Adding to critics’ arsenal of complaints was a story by Times staffer James Queally about the possibility of what some consider a light sentence in the case of a 26-year-old woman who pleaded guilty to sexually assaulting a 10-year-old girl. And before I met with Gascón, news about the killing of a 24-year-old college student working at a Hancock Park furniture store added to fears of rampant crime. As did the case of a 16-year-old girl whose body was dumped near the Harbor Freeway in South L.A.
Gascón expressed his condolences for crime victims and their loved ones. He told me he couldn’t discuss pending cases in detail, but he defended his policies, which evolved over many years.
Born in Cuba, Gascón lived with his immigrant parents in a one-bedroom apartment in Cudahy. As a cop, he said, he “drank the Kool-Aid” and was a law-and-order guy. But the focus, he said, was on poor people of color, whose paths were influenced by the many forces they were up against. He began questioning the effectiveness of stiffer penalties, longer sentences and punishment without rehabilitation in overcrowded prisons.

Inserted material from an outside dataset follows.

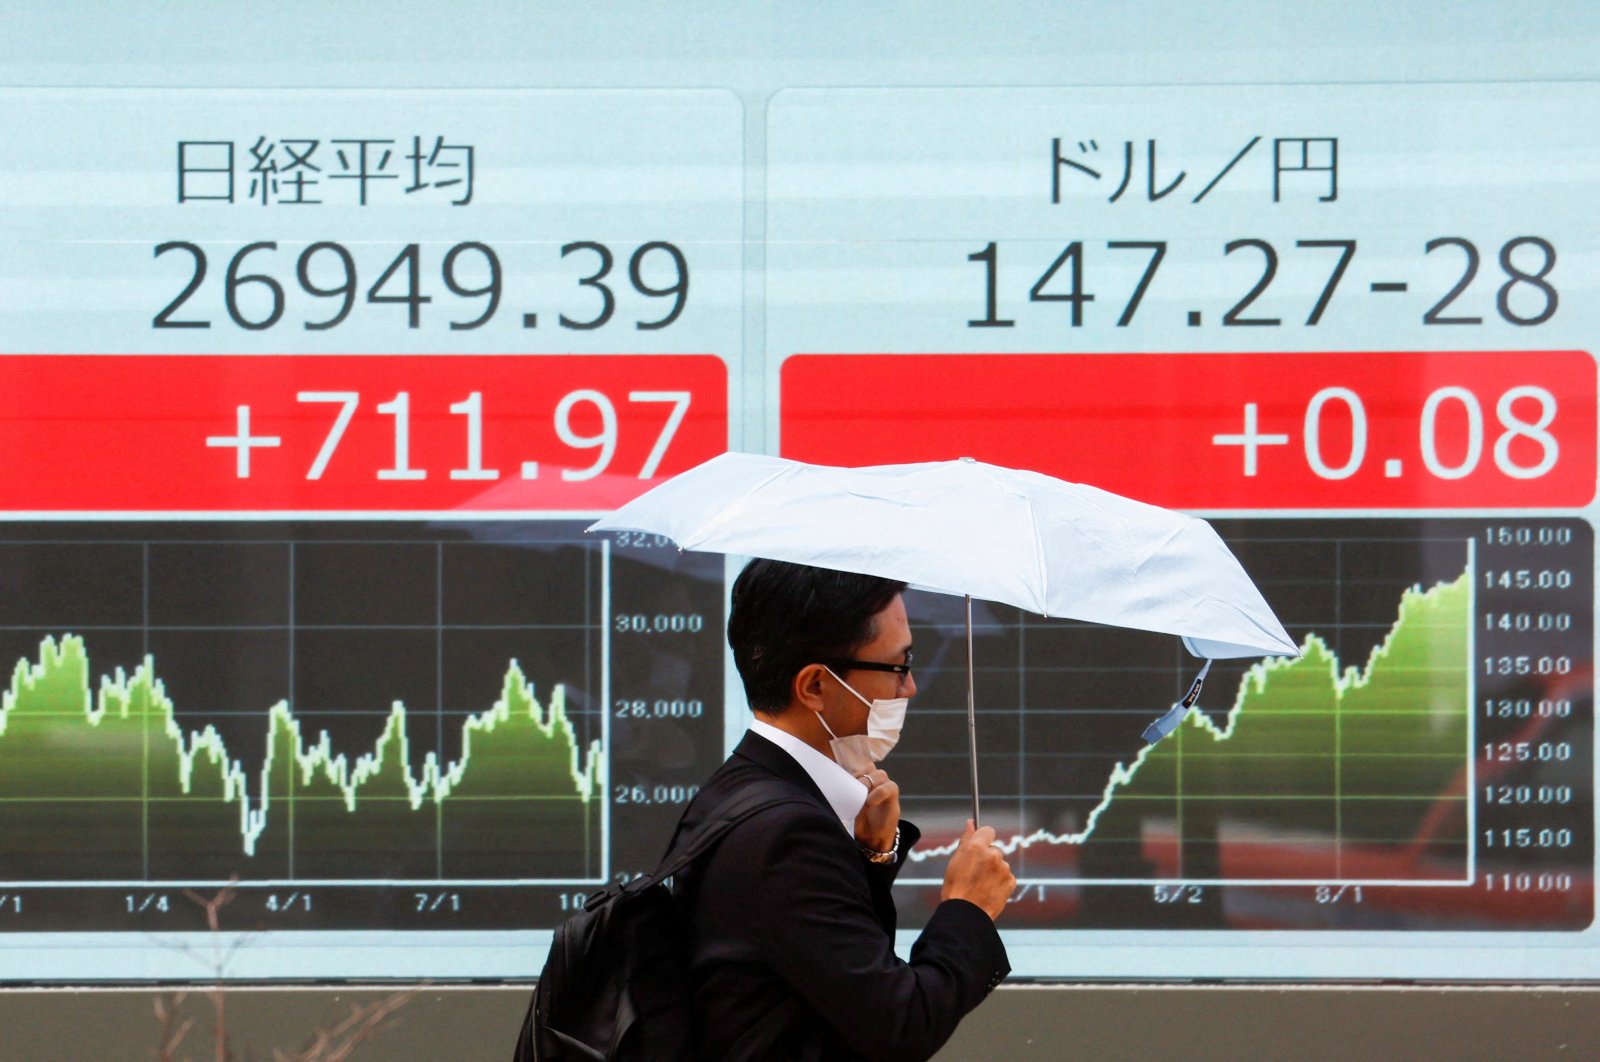 Jepang menghabiskan rekor hampir  miliar pada bulan Oktober untuk menopang yen

“The investment on prisons is not a good one,” Gascón said, arguing that this doesn’t mean some people don't deserve to be locked up. But as the country became more punitive, he said, recidivism rates often rose.
“Reforming the criminal justice system and public safety are not one against the other," Gascón said. "In fact, I would argue that many of the problems we have today” are the price we pay for “really bad policies around incarceration, policing and prosecution for many years.”
As for recent crime stats in Los Angeles, they’re not up across the board. In the city of L.A., property crimes, robberies and burglaries have been down compared with 2019. The county has seen decreases in robberies and burglaries and a rise in property crime. In both the city and county, homicides have gone way up.
But statewide criminal justice reforms, the coronavirus and its impact on the economy are all arguably factors. And Gascón said national crime rates tell a story.
“Homicide rates have gone up nationwide,” he said, and California’s reforms can’t be responsible for rising crime in, say, Texas or Arizona. Nationally, murder rates spiked 27% in 2020 and jumped again last year.
Gascón also argued that in California, counties with more conservative prosecutors — including Fresno and Sacramento — have seen dramatic increases in homicides. Some have tied statewide crime increases to legislative reforms, but Gascón makes a fair point in questioning connections between his policies and crime rates.
I do wonder how much can be accomplished through criminal justice reform without more rehabilitative services in place, and without greater emphasis on the societal failures that drive crime rates in the first place.
But Gascón said too many candidates, once elected, don’t follow through on promises. He’s staying the course, he told me, evaluating and adapting as he moves forward.